Skepticism is the view that there is no way to prove that objects exist outside of us. Skeptics hold that we can not distinguish between dreams and reality, and therefore what we take to be true can very well be creations of our minds while we are nothing more than a simple piece of matter, such as a brain sitting in a vat that is connected to a machine that simulates a perfect representation of reality for the “brain” to live in.1 In the excerpt “Proof of an External World” from his essay of the same name, G.E. Moore responds to the skeptic’s argument by attempting to prove the existence of external objects. There are four parts to this paper. Firstly, I will explain Moore’s overall argumentative strategy and how he considers his proof to be rigorous and legitimate. Then, I will present Moore’s proof of the existence of an external world. Thirdly, I will discuss the responses that skeptics may have to Moore’s argument and how Moore defends his proof against the these responses. Finally, I will give my opinion on how efficiently Moore defends his claims against the skeptics’ responses.

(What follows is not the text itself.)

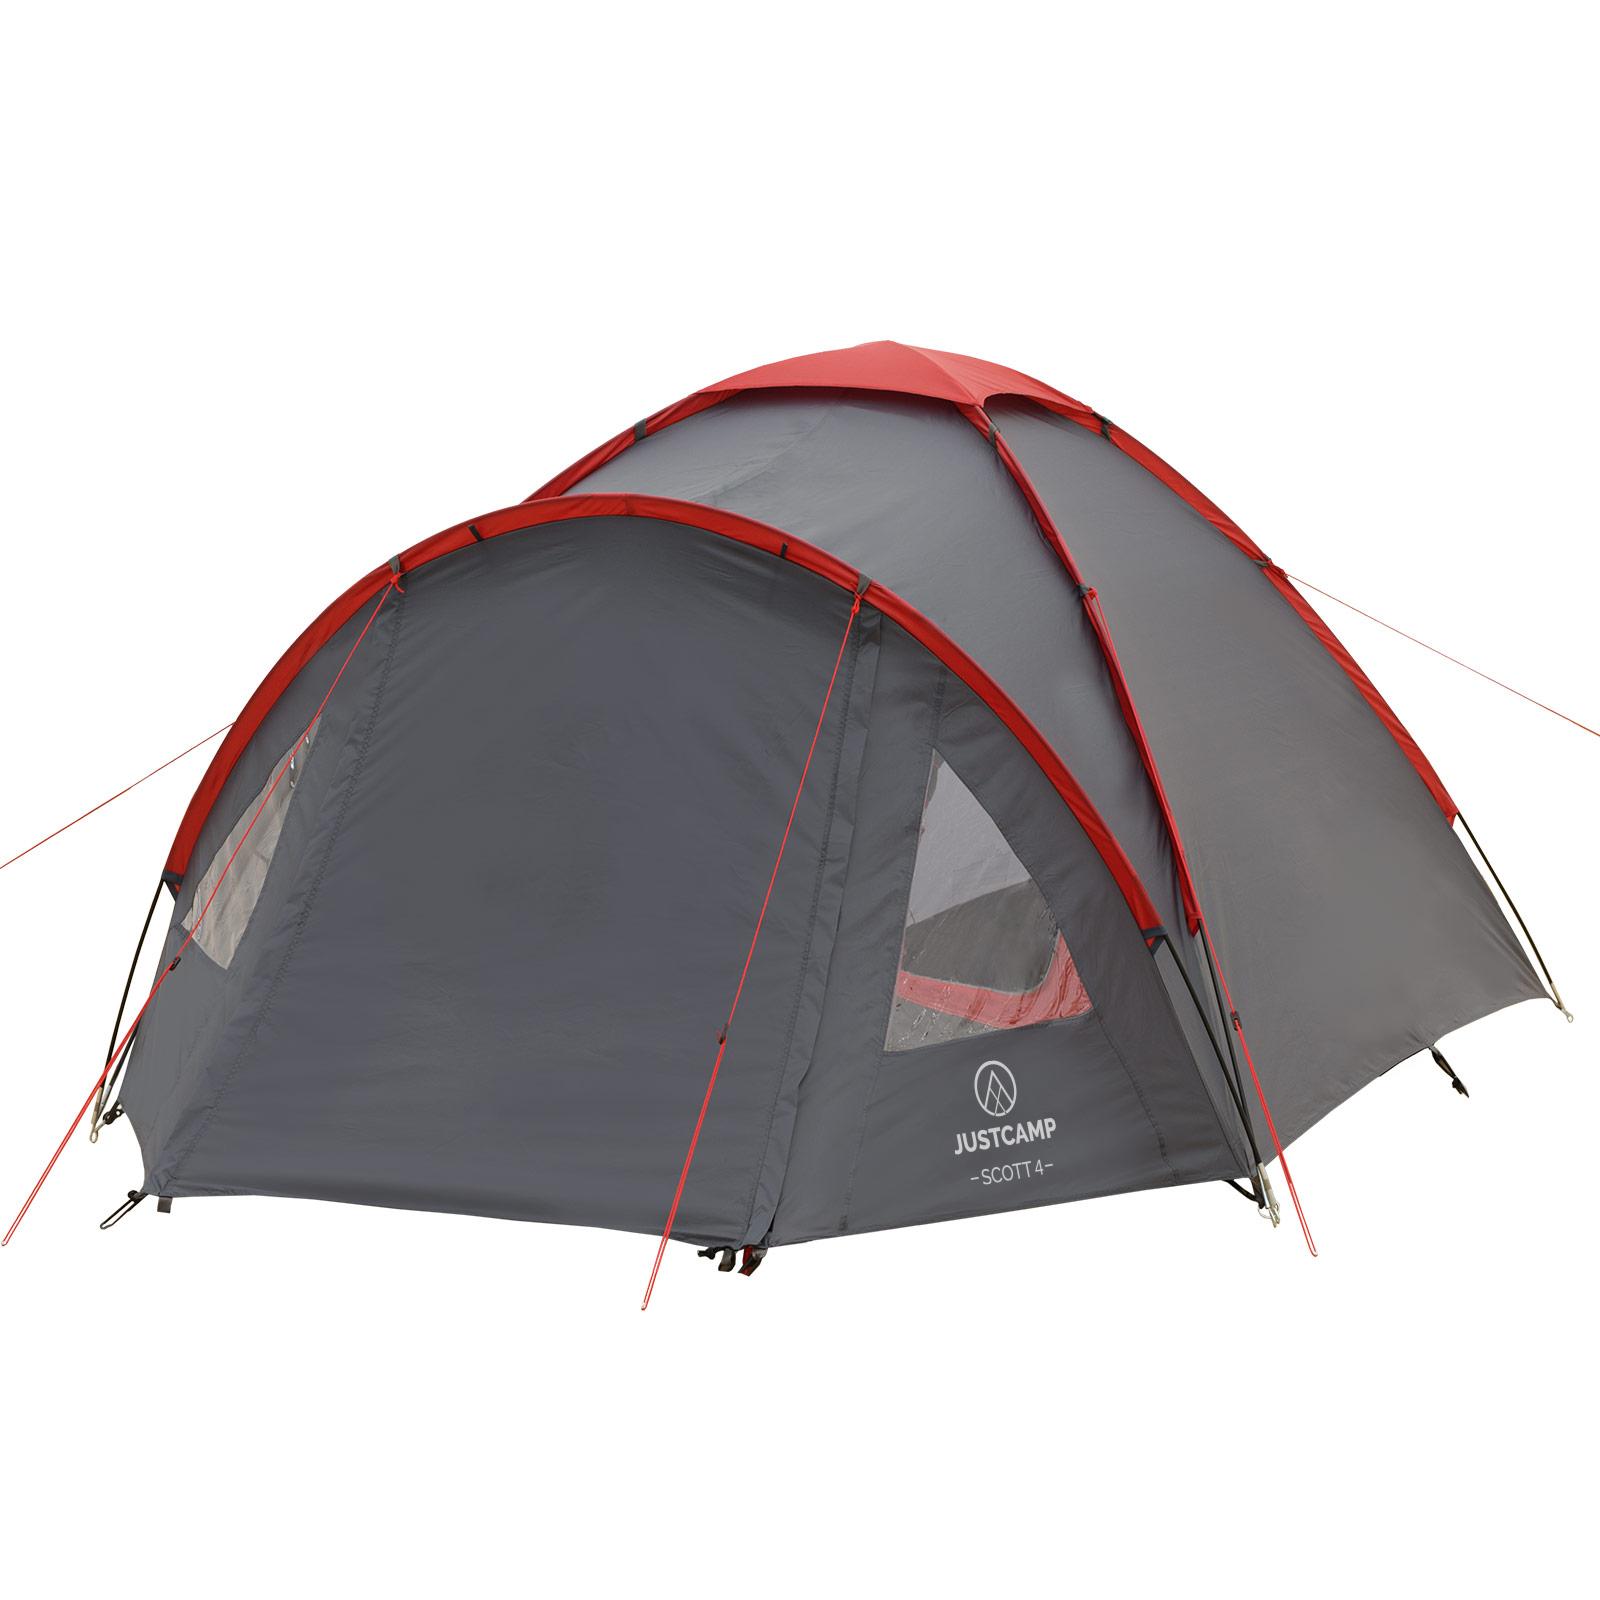 Campingzelt Campingzelt Campingzelt JUSTCAMP Scott 4 Mann Zelt Igluzelt Kuppelzelt für 4 Personen grau 99697b

Moore argues that there exists an external world by giving a simple, believable situation that makes the existence of an external world seem obvious (this will be clarified in the next section). He then demonstrates that it satisfies the three conditions that ensure a rigorous, legitimate proof: that the premiss and the conclusion are different, that the premiss was something he knew was true, and that the conclusion
logically follows from the premiss (GSC 359). Moore even asserts that this kind of proof can answer many different questions that deal with issues that are surrounded by doubt. For example, Moore creates a scenario whe...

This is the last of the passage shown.